What have hedge funds been doing with Prudential Public Limited Company (NYSE:PUK)?
At the end of the first quarter, a total of 6 of the hedge funds tracked by Insider Monkey held long positions in this stock, a change of 0% from the previous quarter. The graph below displays the number of hedge funds with bullish position in PUK over the last 18 quarters. With hedgies’ sentiment swirling, there exists a few noteworthy hedge fund managers who were adding to their holdings significantly (or already accumulated large positions).
More specifically, Renaissance Technologies was the largest shareholder of Prudential Public Limited Company (NYSE:PUK), with a stake worth $21.6 million reported as of the end of September. Trailing Renaissance Technologies was Arrowstreet Capital, which amassed a stake valued at $17.4 million. Millennium Management, Solel Partners, and McKinley Capital Management were also very fond of the stock, becoming one of the largest hedge fund holders of the company. In terms of the portfolio weights assigned to each position Solel Partners allocated the biggest weight to Prudential Public Limited Company (NYSE:PUK), around 0.89% of its 13F portfolio. Arrowstreet Capital is also relatively very bullish on the stock, setting aside 0.05 percent of its 13F equity portfolio to PUK.

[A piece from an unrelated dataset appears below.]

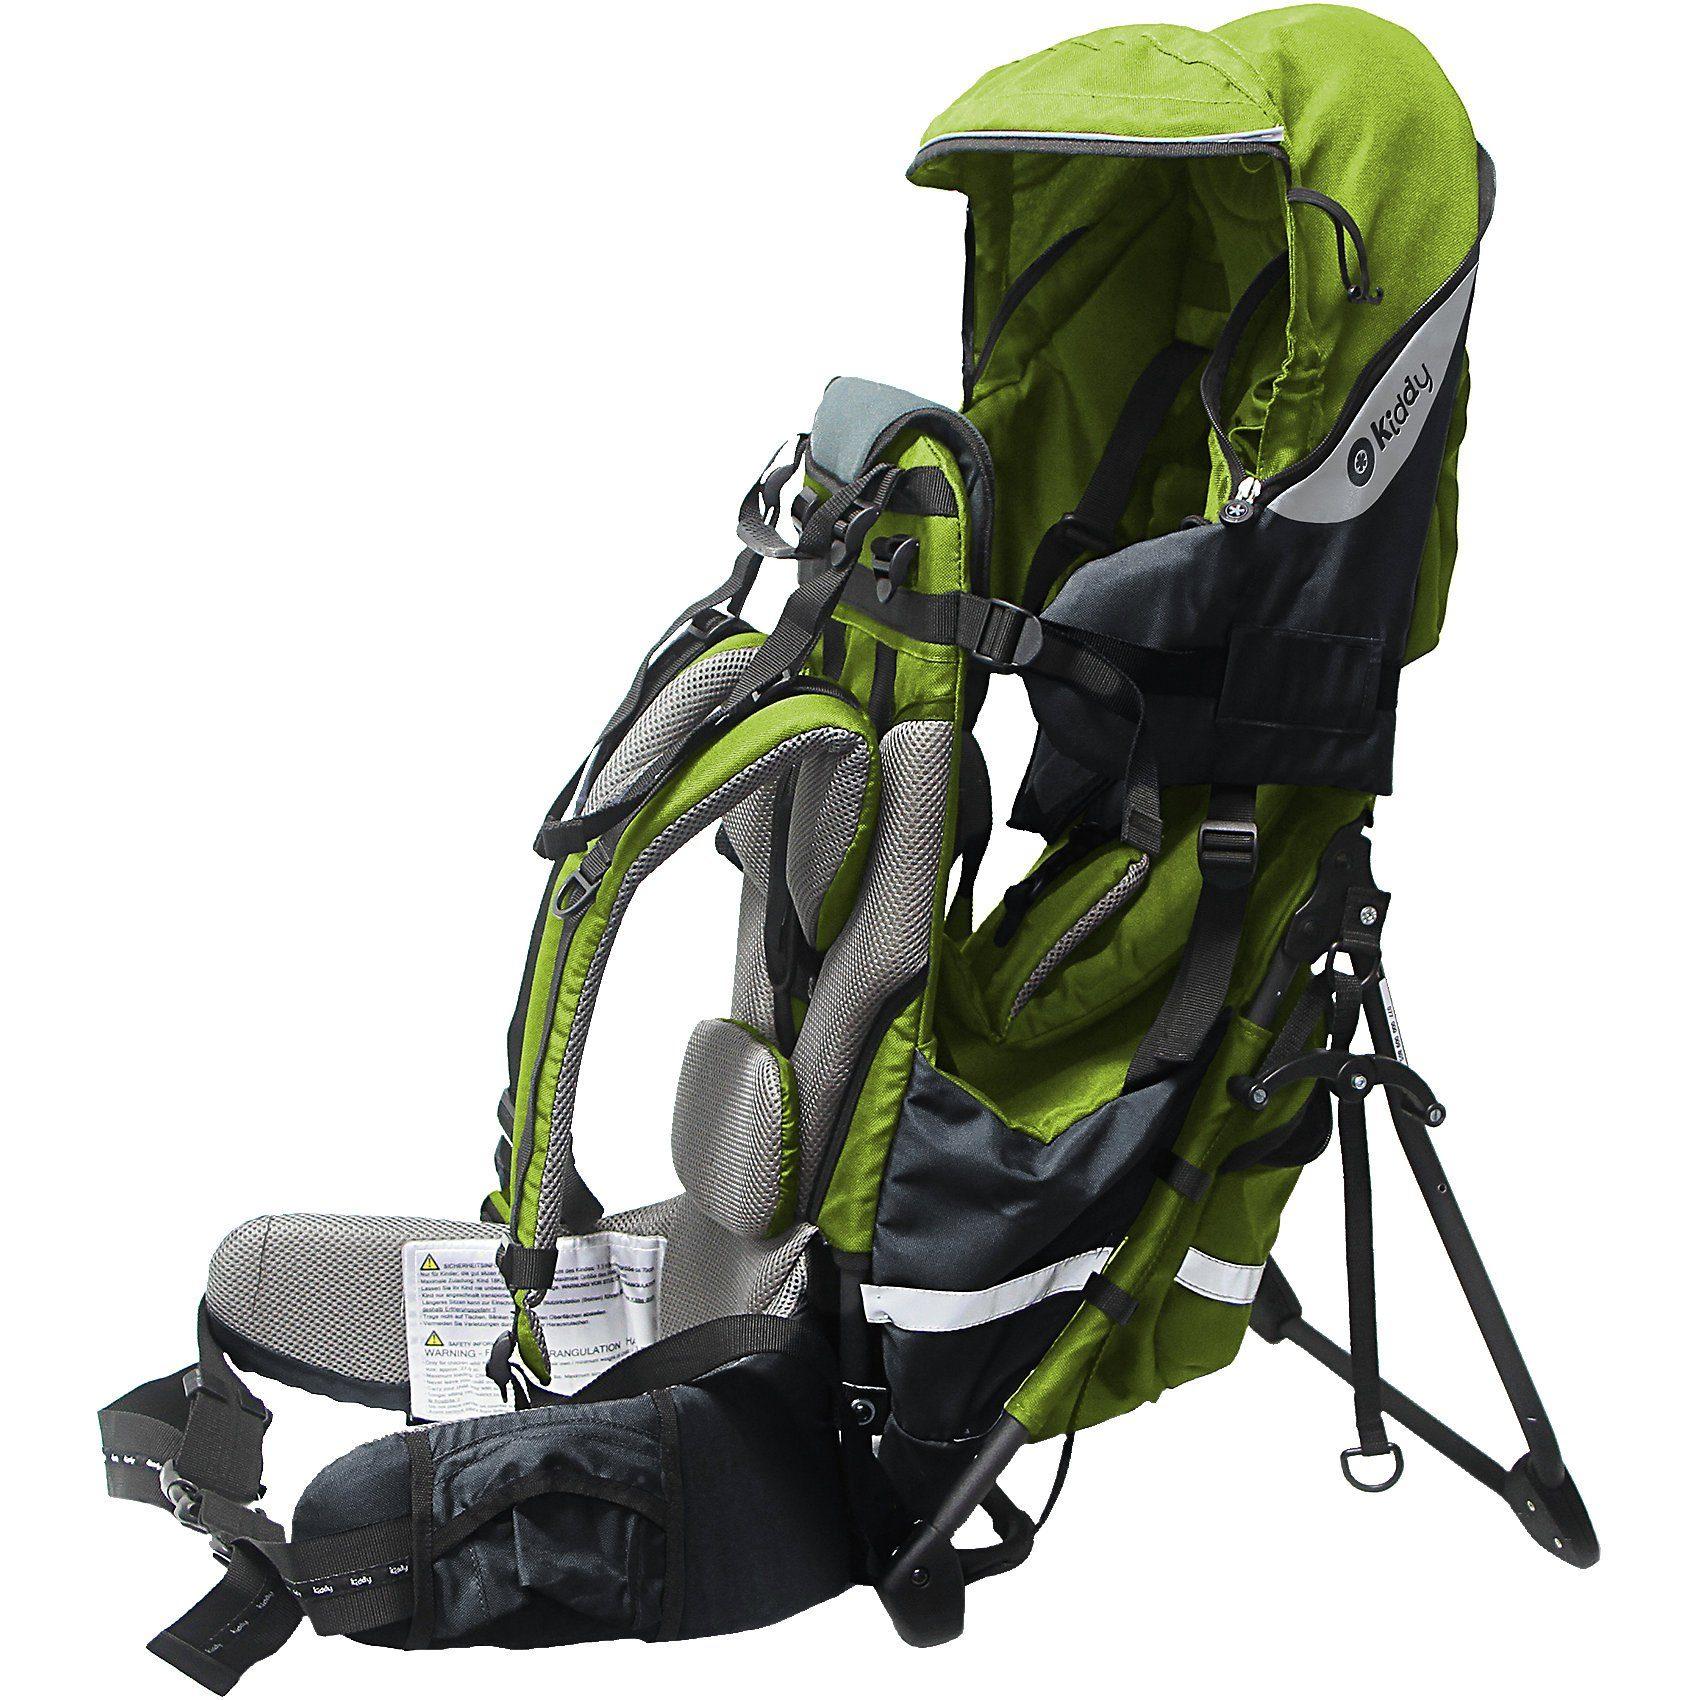 kiddy Rückentrage Adventure Pack, lime green, 2017

Because Prudential Public Limited Company (NYSE:PUK) has experienced declining sentiment from hedge fund managers, logic holds that there is a sect of money managers who sold off their positions entirely in the first quarter. At the top of the heap, Paul Marshall and Ian Wace’s Marshall Wace LLP said goodbye to the largest investment of the 750 funds monitored by Insider Monkey, comprising an estimated $1.2 million in stock, and Steve Cohen’s Point72 Asset Management was right behind this move, as the fund dropped about $0.4 million worth. These bearish behaviors are important to note, as aggregate hedge fund interest stayed the same (this is a bearish signal in our experience).
Let’s go over hedge fund activity in other stocks – not necessarily in the same industry as Prudential Public Limited Company (NYSE:PUK) but similarly valued. These stocks are Bank of Montreal (NYSE:BMO), Enterprise Products Partners L.P. (NYSE:EPD), Orange SA (NYSE:ORAN), and General Mills, Inc. (NYSE:GIS). This group of stocks’ market valuations match PUK’s market valuation.

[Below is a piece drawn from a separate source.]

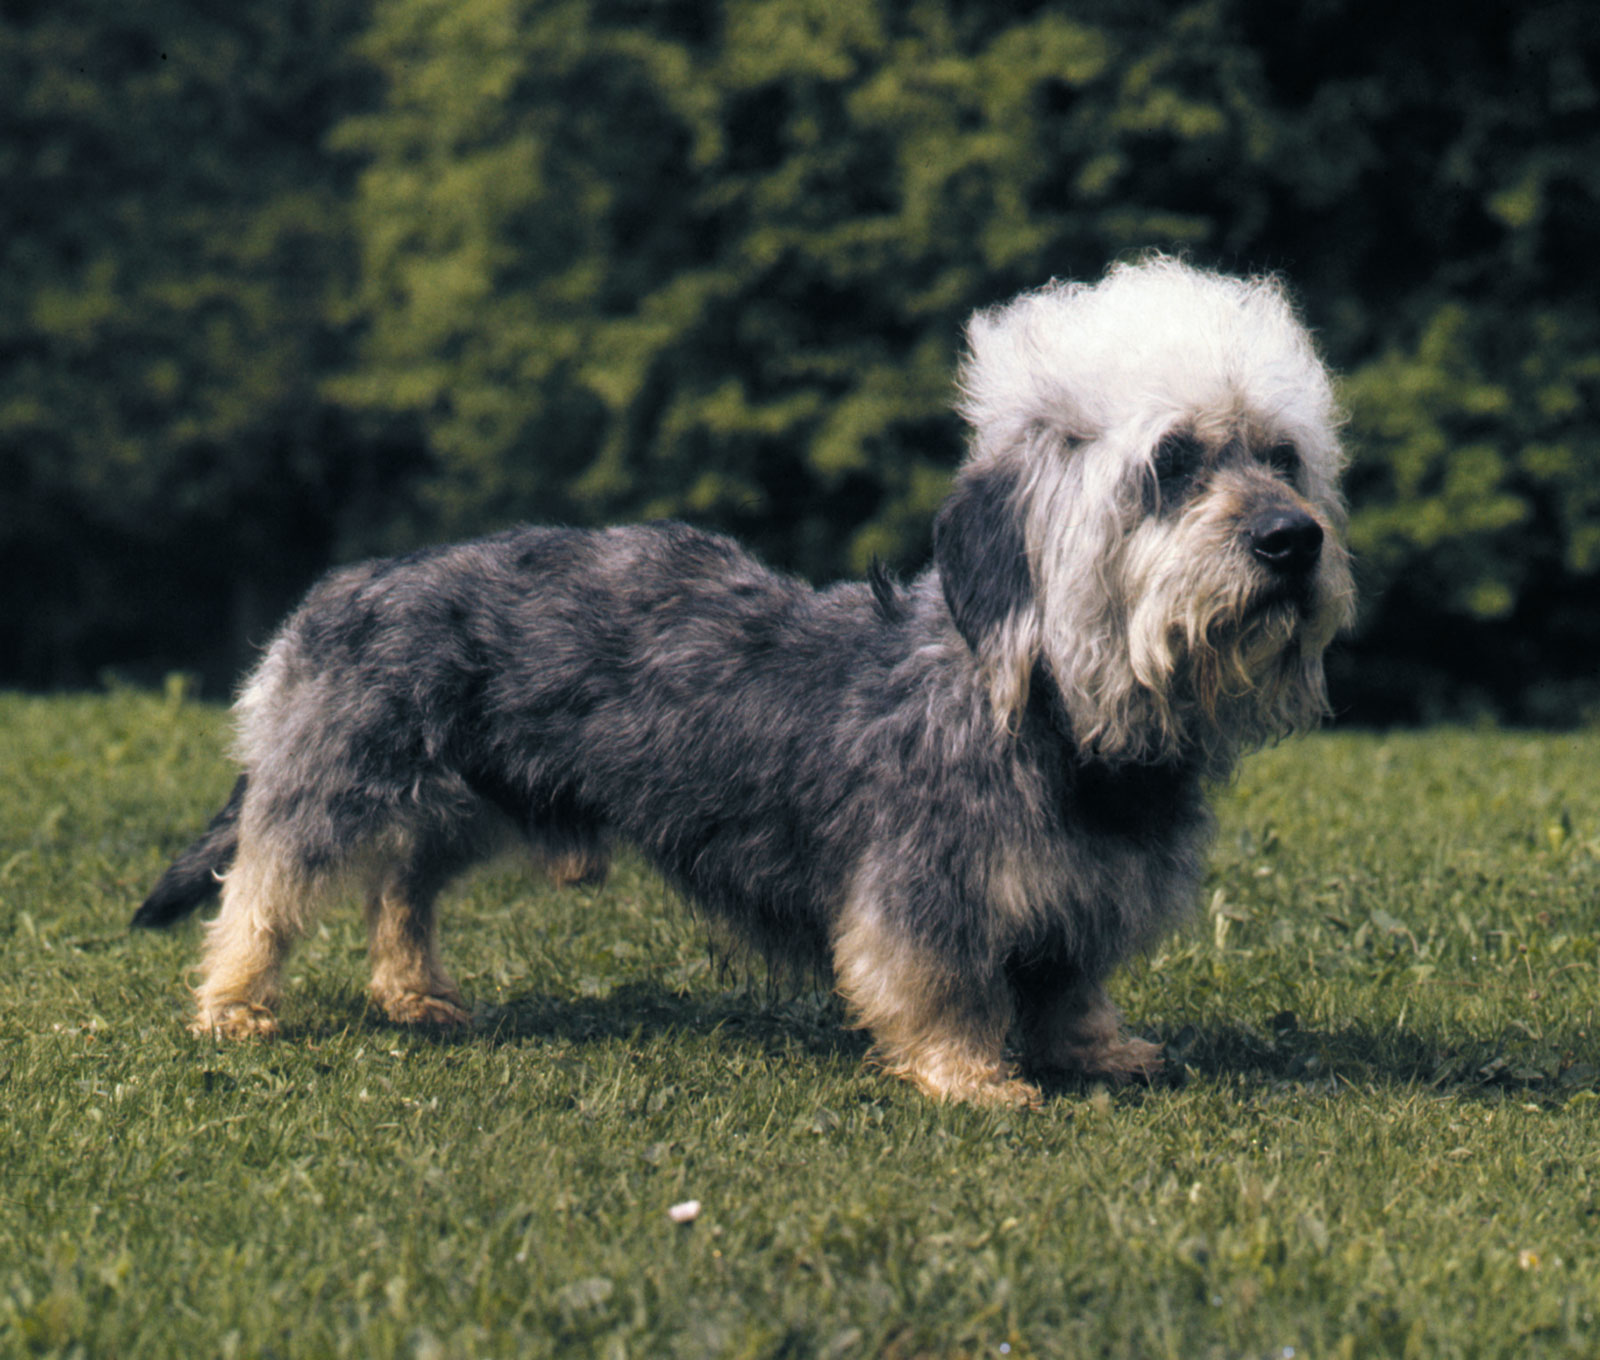 Dogilike.com :: Dandie Dinmont Terrier สุนัขพันธุ์หายากจากเกาะอังกฤษ

|Ticker||No of HFs with positions||Total Value of HF Positions (x1000)||Change in HF Position|
View table here if you experience formatting issues.

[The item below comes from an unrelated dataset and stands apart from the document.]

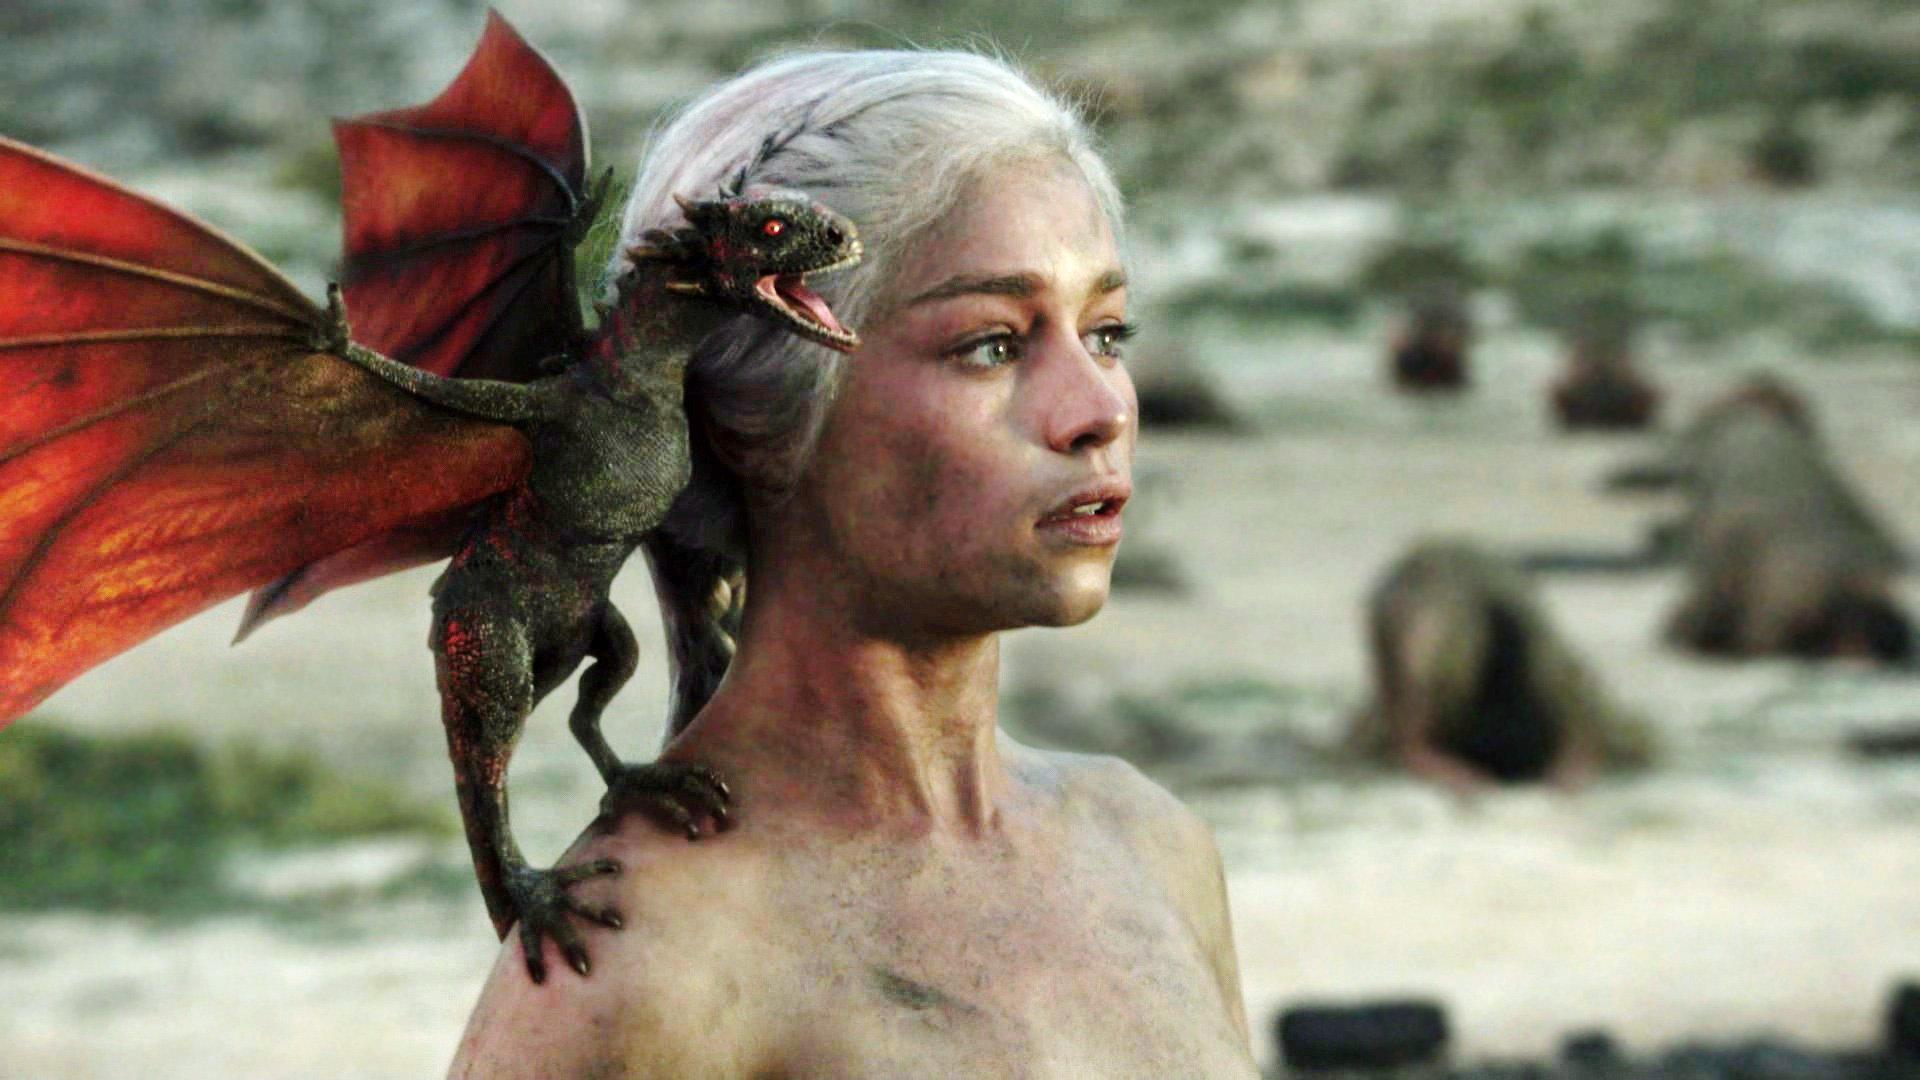 Daenerys with dragon

As you can see these stocks had an average of 20.75 hedge funds with bullish positions and the average amount invested in these stocks was $267 million. That figure was $44 million in PUK’s case. General Mills, Inc. (NYSE:GIS) is the most popular stock in this table. On the other hand Orange SA (NYSE:ORAN) is the least popular one with only 5 bullish hedge fund positions. Prudential Public Limited Company (NYSE:PUK) is not the least popular stock in this group but hedge fund interest is still below average. This is a slightly negative signal and we’d rather spend our time researching stocks that hedge funds are piling on. Our calculations showed that top 10 most popular stocks among hedge funds returned 41.4% in 2019 and outperformed the S&P 500 ETF (SPY) by 10.1 percentage points. These stocks gained 13.9% in 2020 through June 10th and surpassed the market by 14.2 percentage points. Unfortunately PUK wasn’t nearly as popular as these 10 stocks (hedge fund sentiment was quite bearish); PUK investors were disappointed as the stock returned 22.4% during the second quarter and underperformed the market. If you are interested in investing in large cap stocks with huge upside potential, you should check out the top 10 most popular stocks among hedge funds as most of these stocks already outperformed the market in 2020.